= Sir Skeffington Smyth, 1st Baronet =

Sir Skeffington Edward Smyth, 1st Baronet (May 1745 – 9 September 1797) was an Anglo-Irish politician and baronet.

==Biography==
Smyth was born in Tinny Park, Wicklow, County Wicklow, the son of James Smyth, a Member of Parliament of Ireland for the borough of Antrim, and Mary Agar. Smyth was the grandson of Anglican Bishop of Down, Rev. Dr. Edward Smyth and Mary Skeffington. He was the brother of Elizabeth, Comtesse de Jarnac (wife of Charles Rohan-Chabot, Comte de Jarncac).

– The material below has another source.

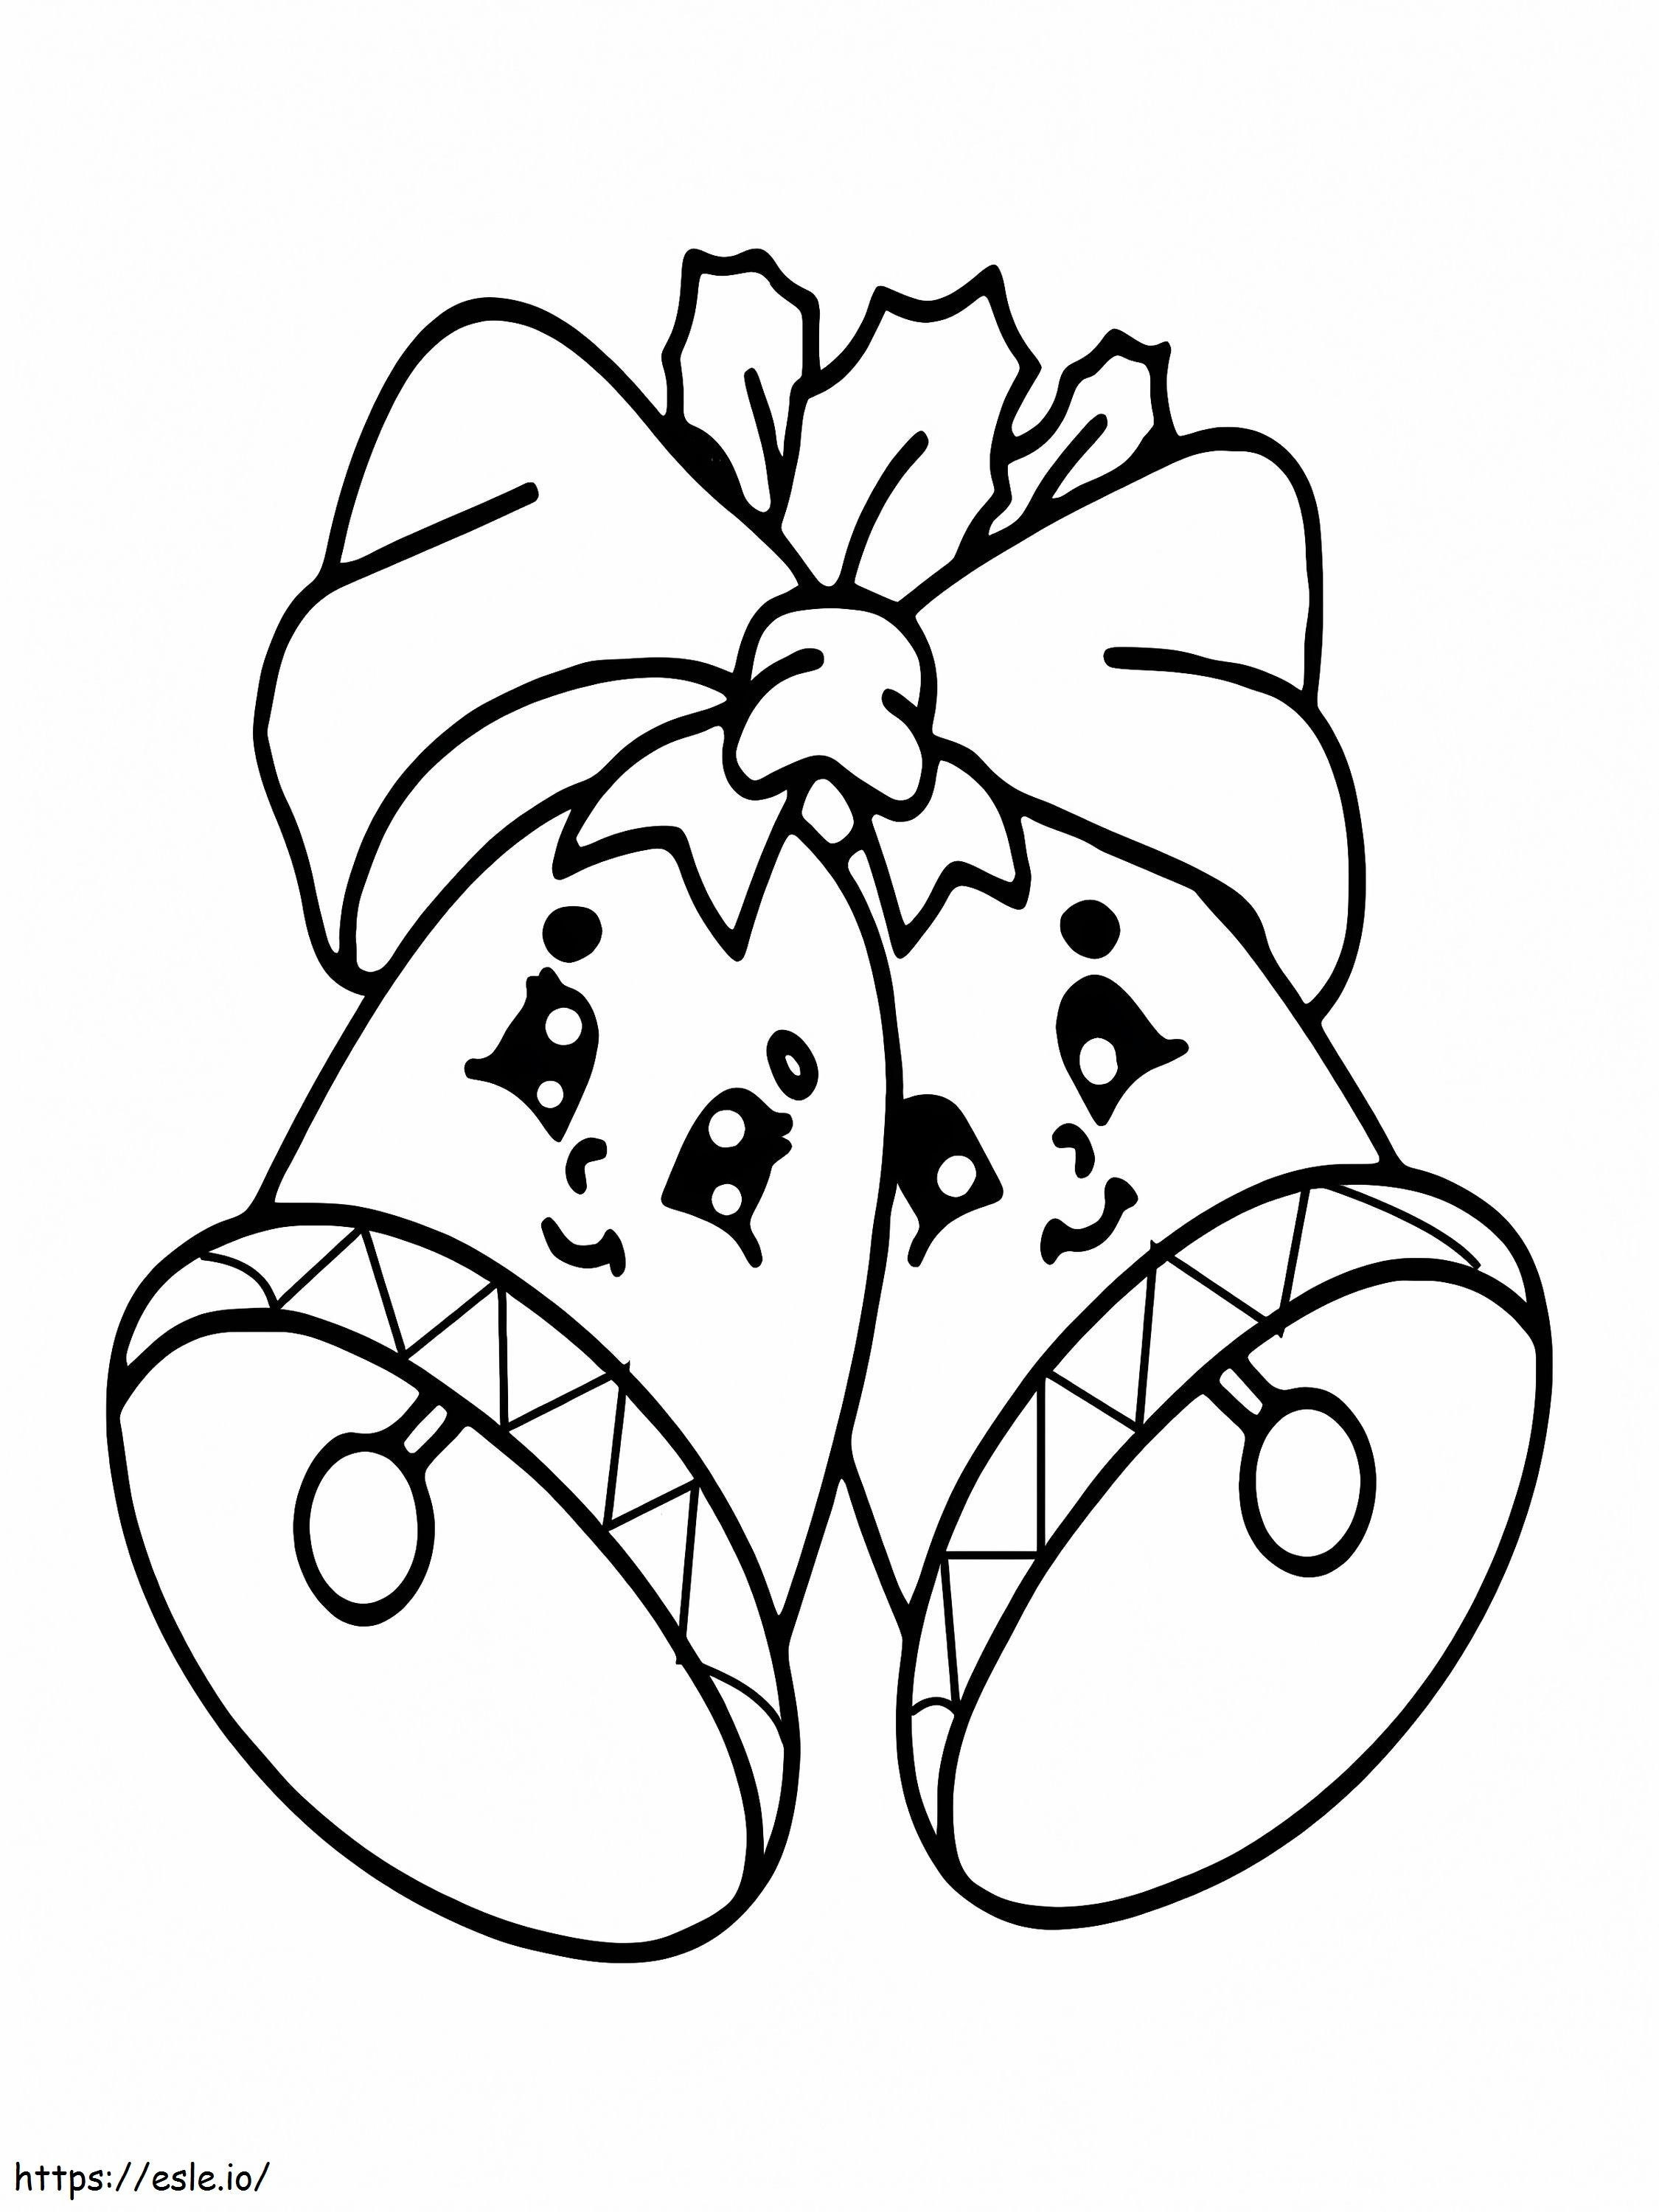 Christmas Bells With Smiling Faces coloring page

On 5 August 1776, Smyth was created a baronet, of Tinny Park in the Baronetage of Ireland. In 1779 he was elected to the Irish House of Commons as the MP for Mullingar, serving until 1783. He then represented Belturbet from 1783 until 1790, and Galway Borough from 1790 until his death in 1797. In 1785 he was made a member of the Privy Council of Ireland.

Skeffington Smyth married Margaret Daly and they had a daughter Maria Elizabeth Smyth who married James Daly, who was also a member for Galway Borough. Another daughter, Rosetta, married Michael Prendergast, another member of parliament for Galway.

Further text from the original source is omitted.